2 建築主は、シェアハウスの住室の床面積を9平方メートル以上とし、当該シェアハウスの延べ面積を、住室数に15平方メートルを乗じたものに10平方メートルを加えた面積以上としなければならない。

(居室の基準)

第9条 建築主は、集合住宅の居室の天井の高さを2.3メートル以上としなければならない。ただし、区長がやむを得ない理由があると認めた場合においては、この限りでない。

(災害対策)

第10条 建築主は、集合住宅を建築する場合は、規則で定めるところにより、災害対策を講じなければならない。

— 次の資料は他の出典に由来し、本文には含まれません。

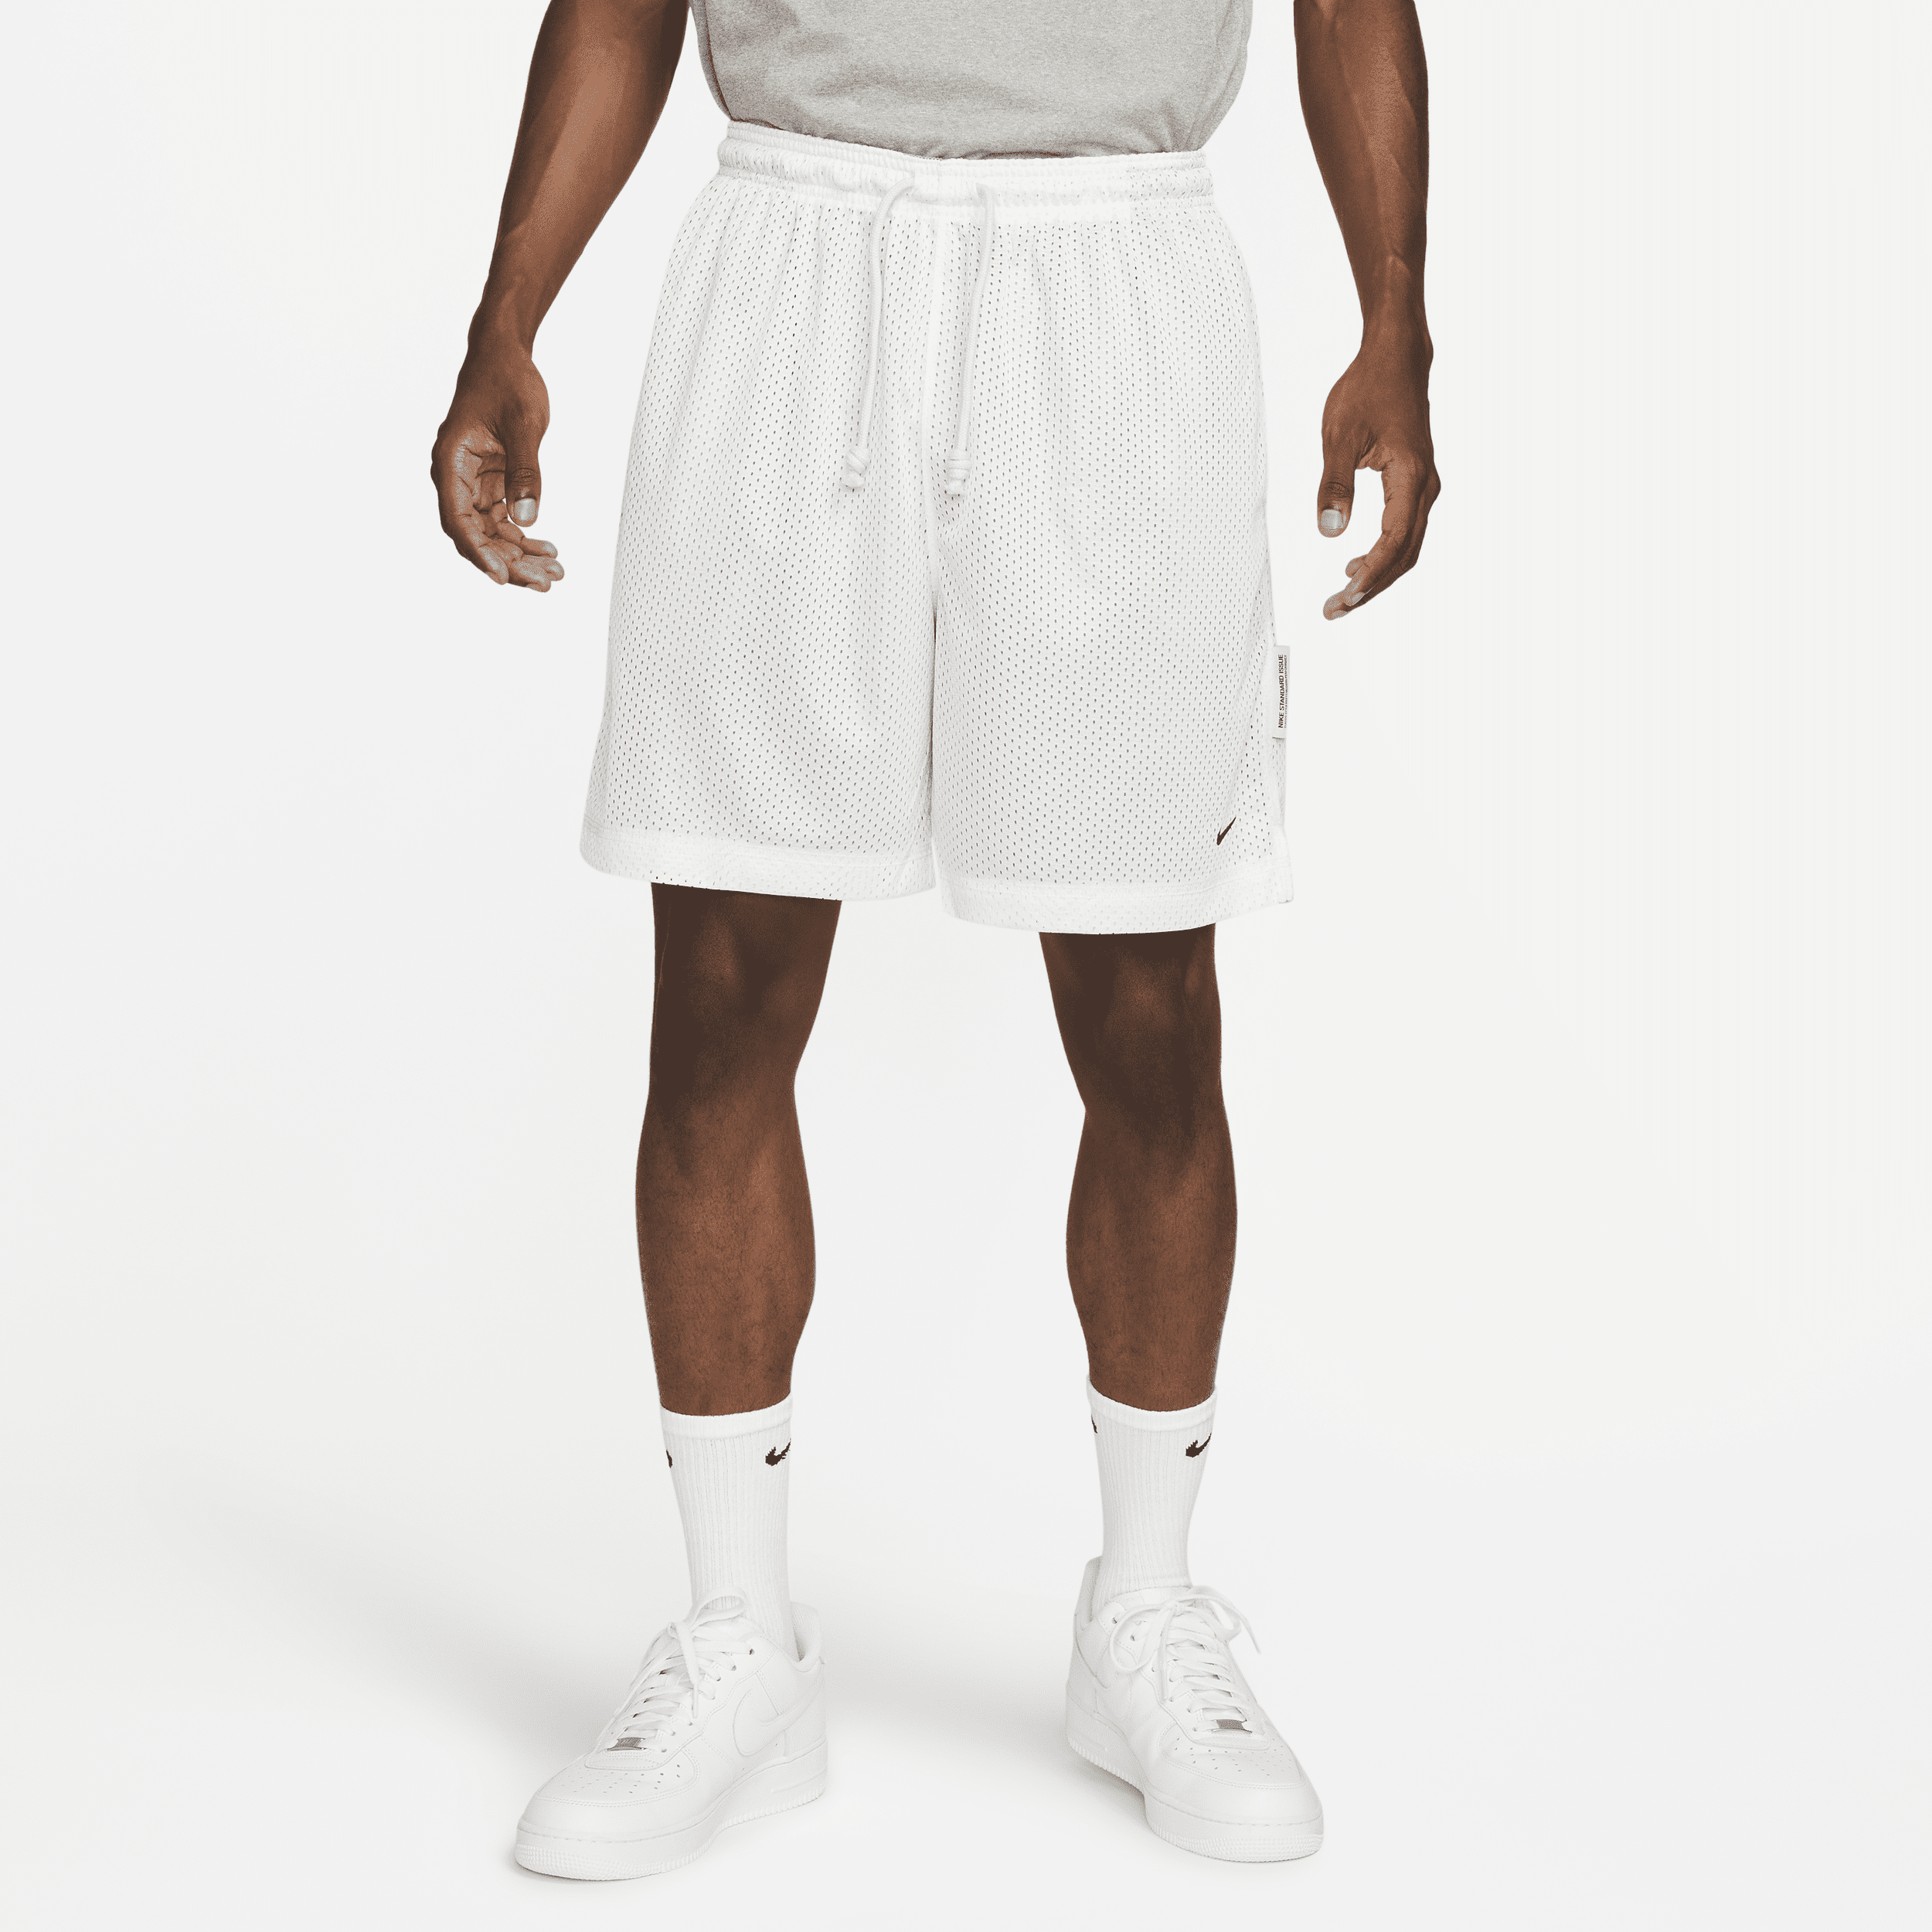 Nike Dri-FIT Standard Issue Men's Reversible 6 Basketball Shorts

2 建築主は、大規模な水害が発生した場合において、自立して居住が継続できるよう集合住宅の浸水対策に努めなければならない。

(防災備蓄倉庫)

第11条 建築主は、集合住宅を建築する場合は、規則で定める基準を満たす防災備蓄倉庫を設置しなければならない。

(バリアフリーの配慮)

第12条 建築主は、集合住宅を建築する場合は、当該集合住宅を規則で定める基準を満たすバリアフリーに配慮した建築物としなければならない。

2 建築主又は所有者等は、集合住宅に入居を希望する高齢者、障害者等を受け入れるよう努めなければならない。

(集会室)

第13条 建築主は、床面積が30平方メートル以上の住戸又は住室の数が50以上の集合住宅を建築する場合は、規則で定める基準により、集会室を設置しなければならない。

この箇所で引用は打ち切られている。